David Aaronovitch: If it helps, I'll carry an identity card

'If I'm rational, I have to accept that not only could it happen here, but that somebody, somewhere, probably has a plan for it'


I think some of us are in denial. It is as though the collapse of the twin towers 15 days ago was a natural disaster, an act of God, like a volcano or an earthquake – something that will almost certainly not happen again, but if it does, that we are powerless to prevent. As I watched the TV news showing New Yorkers buying gas masks, I felt that familiar prick of British condescension towards the panicky Yanks. If only they had been through what we, with our Blitzes and IRAs, have been through.

But this time they know better than us because they have had the impossible happen to them. How can you tell someone who actually saw the towers fall that they are over-reacting? After all, what would I have said, 16 days ago, to an office worker who refused to sit behind a desk in a tall building for fear that a hijacker might fly a plane full of people into it? That no-one would want to do such a thing, probably. What would be the point of a massacre like that? And anyway, it would take outrageous audacity, incredible planning and a vast amount of luck. So don't worry. Go to work. See you tonight.

On the 11th, all previous rules about what we in big Western cities can expect were torn up but some of us haven't got it yet. We might have been able to envisage such slaughter in Jerusalem because, whilst that was unbearable, at least it was proximate. Even at Omagh the Real IRA fascists who planted the car bomb didn't really mean to kill and mutilate schoolchildren or the occasional pregnant mum and they certainly didn't hang around in the car itself. Not when there were border pubs to sing patriotic songs and get pissed in.
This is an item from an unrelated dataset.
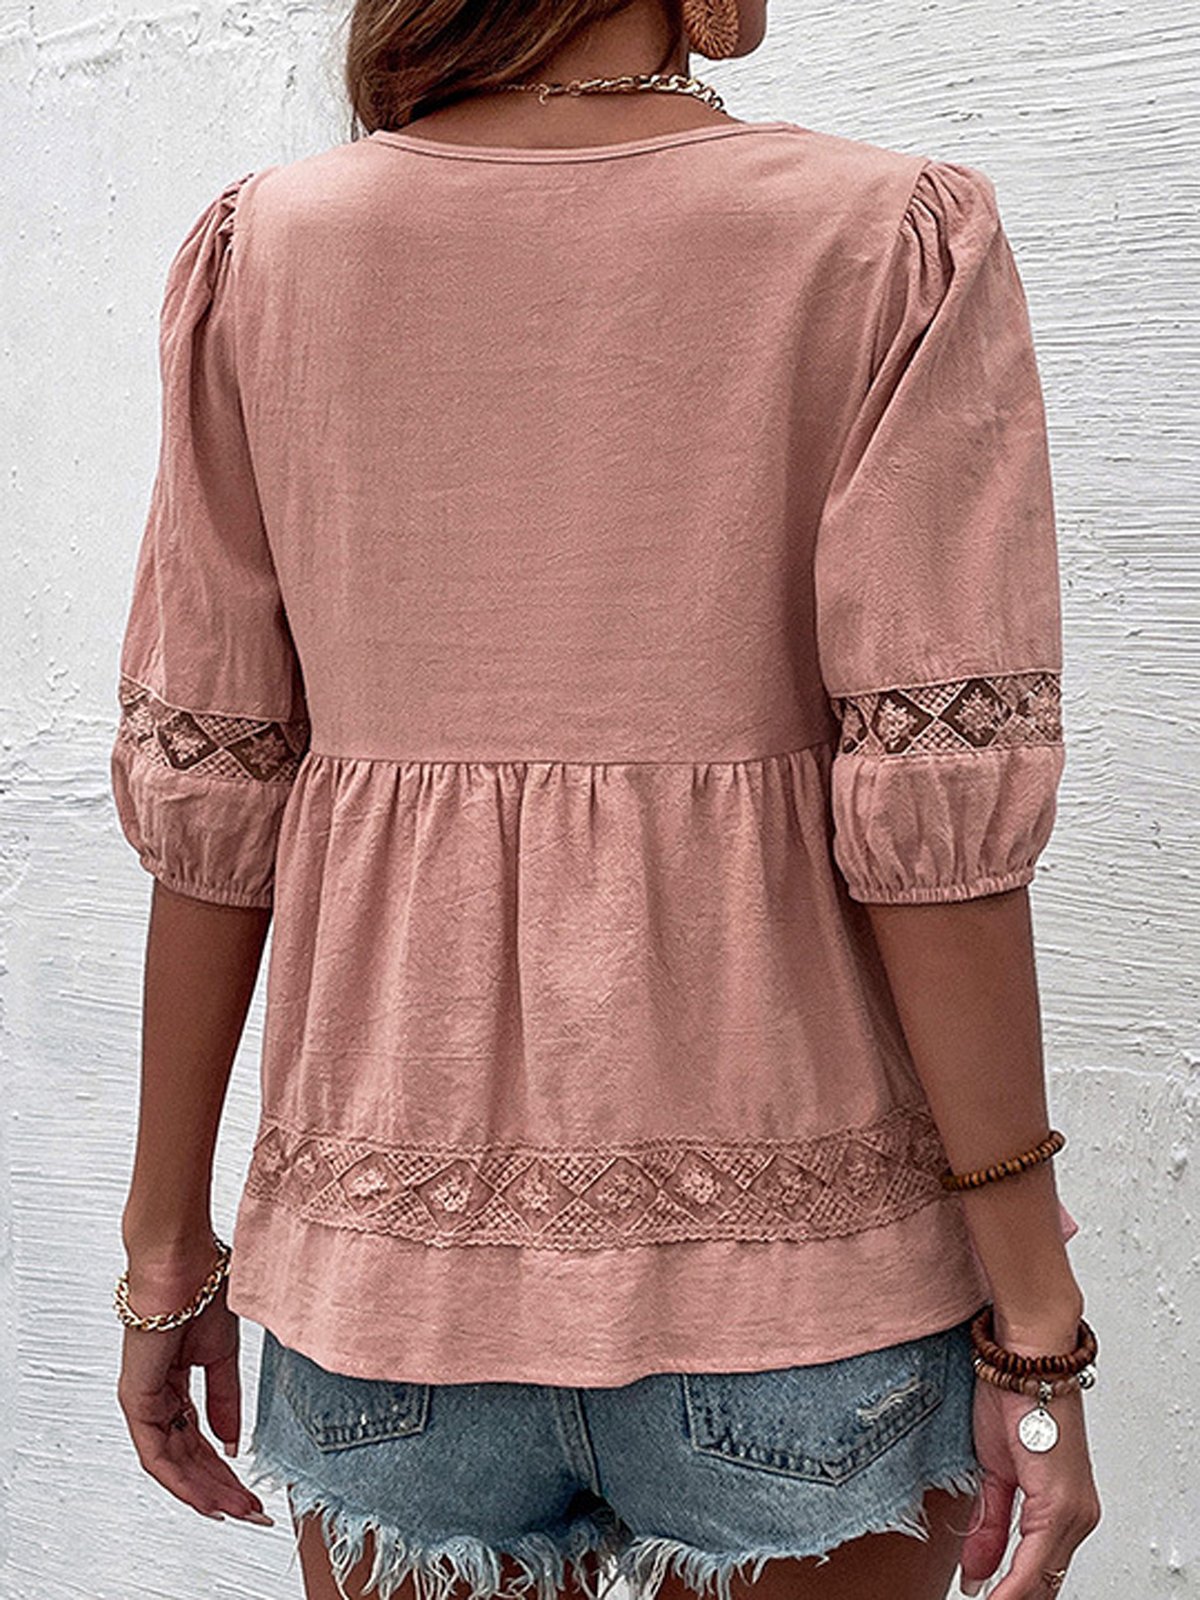 V Neck Short Sleeve Plain Lace Regular Loose Shirt For Women

Why do I somehow not quite believe that it could happen here? London and New York are two of the great trans-national cities of the West and I live and work in the heart of London. Why do I resist an imagined picture of standing on Parliament Hill and seeing the flames over the city, just as John Updike and others watched the World Trade Centre fall? It may be because I was eight during the Cuban missile crisis, and – as a child – fully expected one day to find the beautiful H-bomb cloud rising above the highest roofs. Then the Cold War ended and I felt safe from annihilation.
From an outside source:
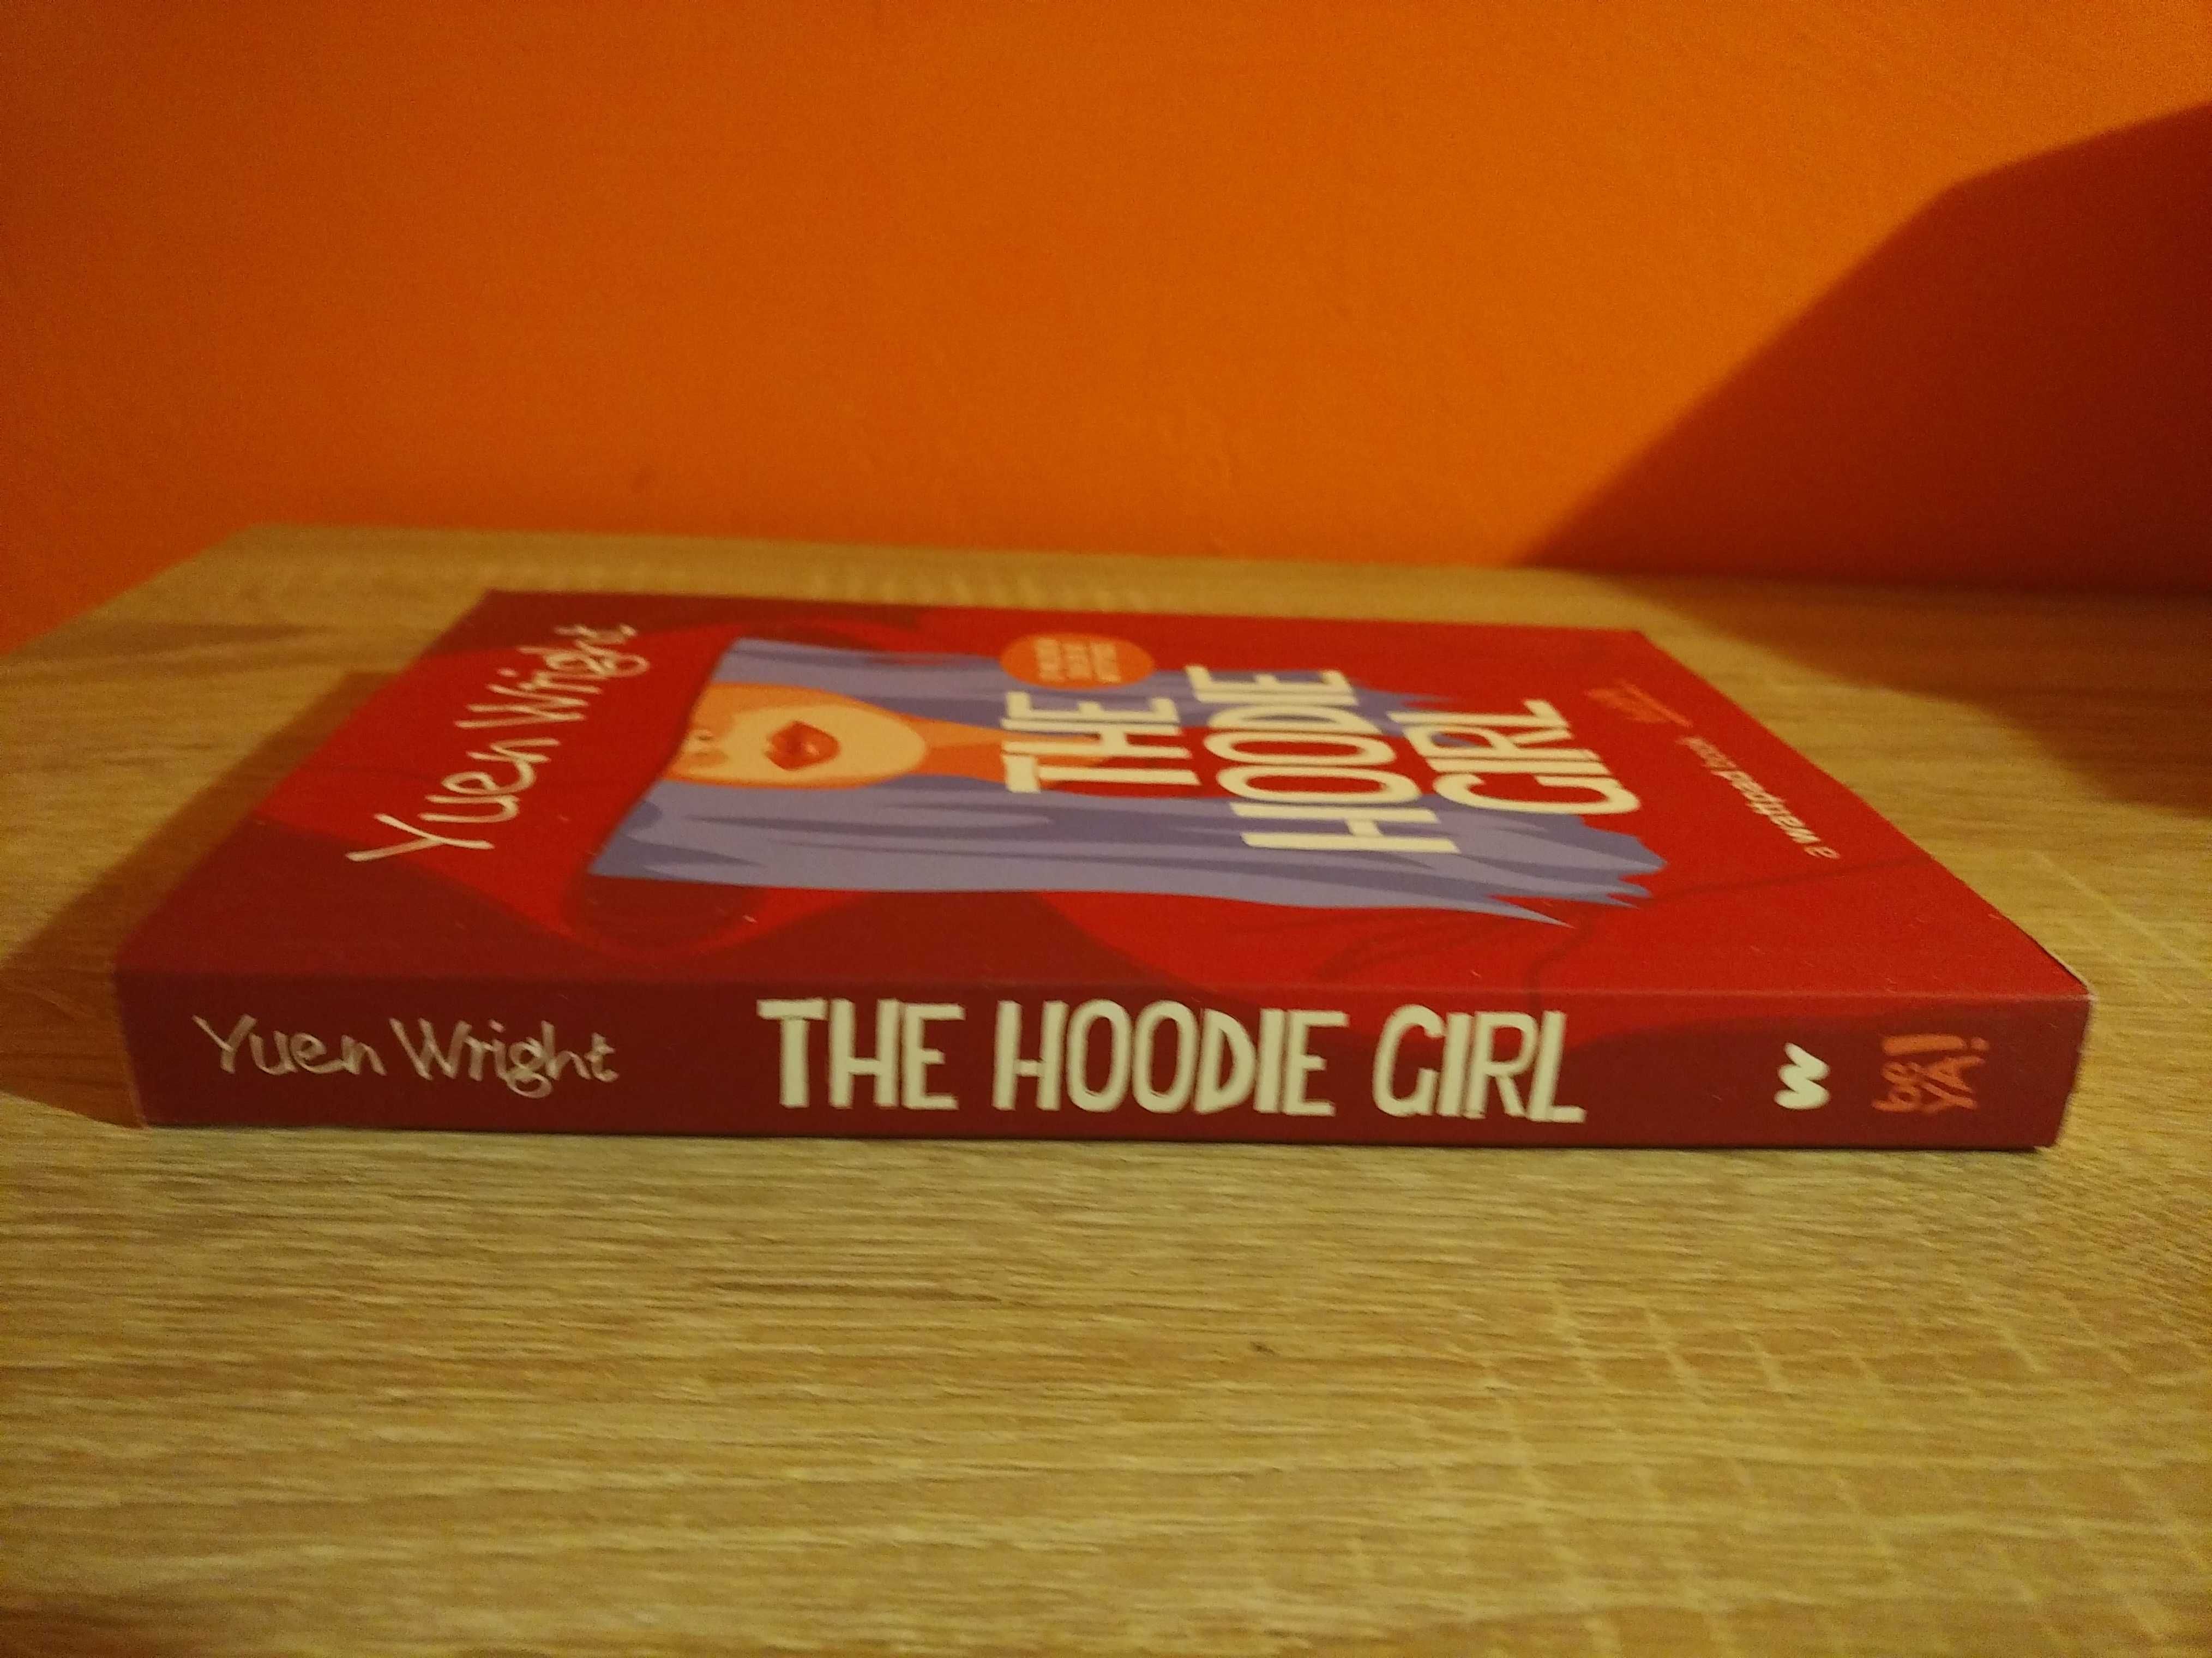 The Hoodie Girl Yuen Wright

Now, if I'm rational, I have to accept that not only could it happen here, but that somebody, somewhere, probably has a plan for it. So what precautions can we take? After the Baltic Exchange bombs the City was sealed off for cars by the "ring of steel". The area is still covered by an array of cameras which scan car registration plates and check them with the DVLC computer. A series of station bombs saw the abolition of waste bins in London termini. Several acts were passed to allow the police more powers to intercept, search, hold, interrogate and pry.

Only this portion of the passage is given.